Now we are ready to train a model.

CUDA_VISIBLE_DEVICES={GPU-index} python train.py \
  --architecture architectures/architecture-{model}.json \
  --note {note-to-dsitinguish-different-runs}

It is adviced to specify CUDA_VISIBLE_DEVICES since TensorFlow tends to occupy all available GPUs. After a training run starts, a directory will be created in logdir/{training-timestamp}-{note}. It is suggested to use the --note argument to distinguish different training runs. Each training directory contains a copy of the architecture file, a training log file and the saved model weight files.

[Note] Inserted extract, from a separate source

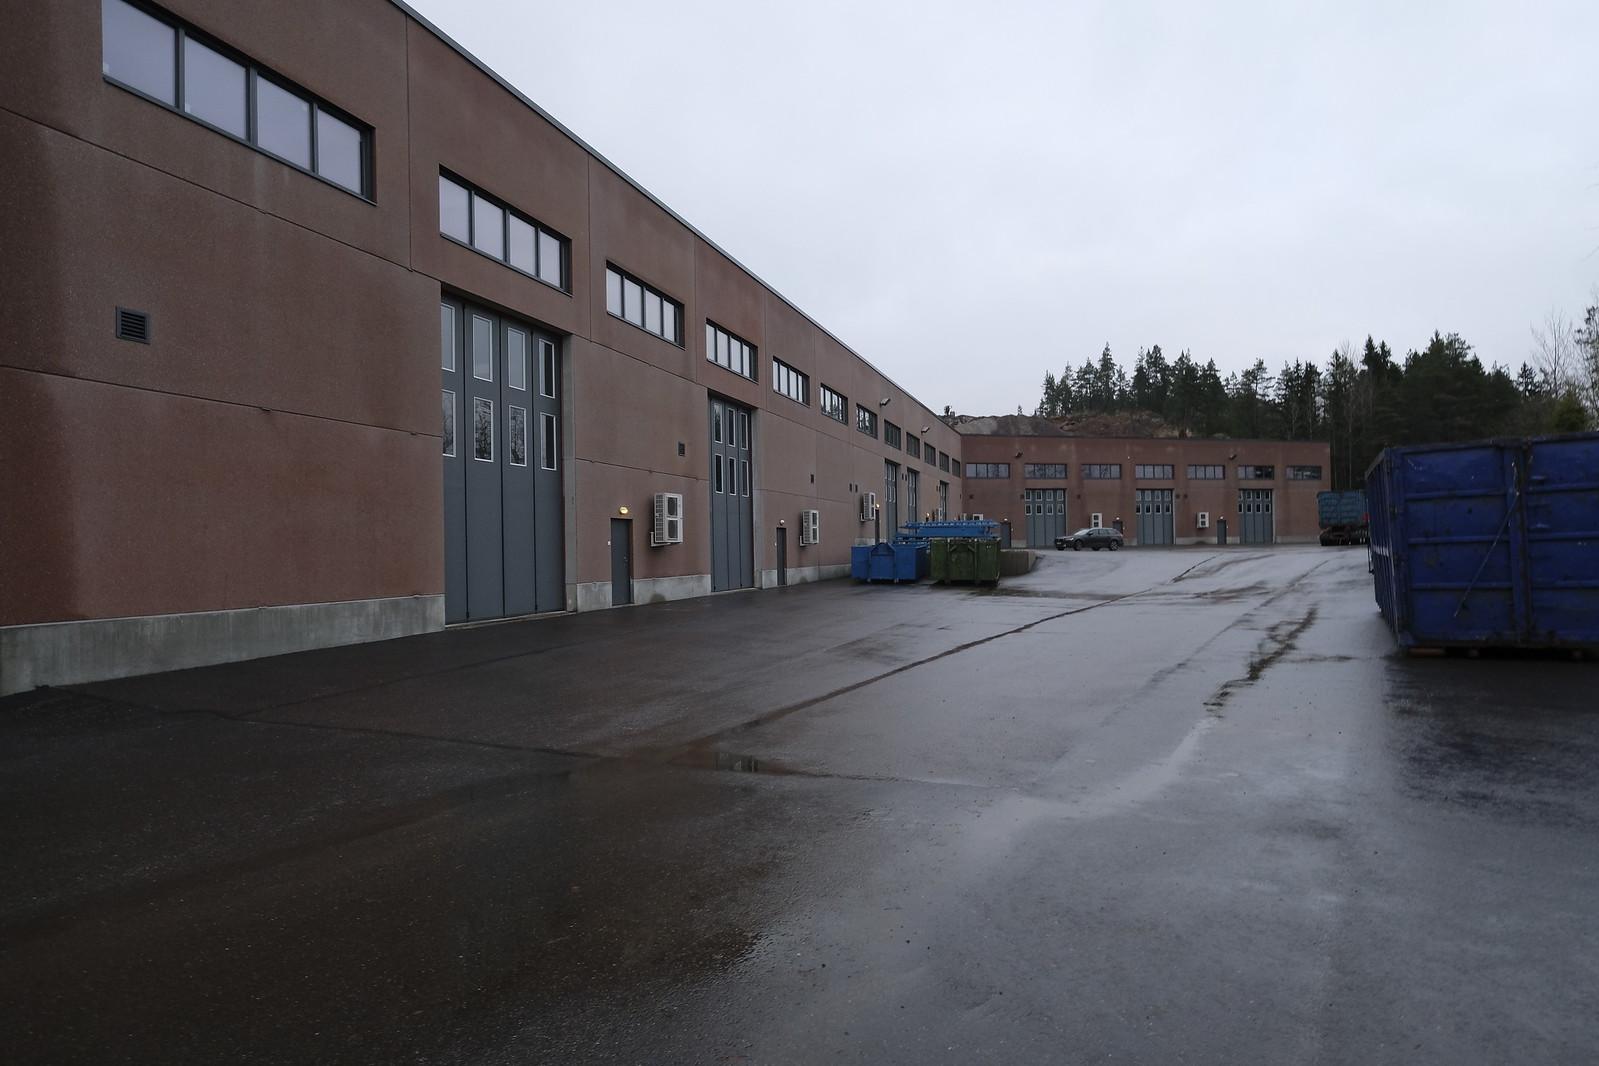 Vanha Turuntie 869, Nummenkylä, Nummela

Conversion, Synthesizing and MCD calculation

After we train a model, we can perform conversion of spectral features, synthesize waveforms from the converted feautures and calculate the mel-cepstrum distortion (MCD) of the converted features using the trained model.

CUDA_VISIBLE_DEVICES={GPU-index} python convert.py \
  --logdir logdir/{training-timestamp}-{note}/ \
  --src {src} --trg {trg} \
  --input_feat {sp or mcc} --output_feat {sp or mcc} \
  --mcd --syn

Any of the two speakers in data/vcc2018/conf/spk.list can form a conversion pair. You can also use the same speaker as source and target to perform autoencoding (reconstruction). Note that only sp and mcc are available for the VAE and CDVAE-CLS-GAN models, respectively.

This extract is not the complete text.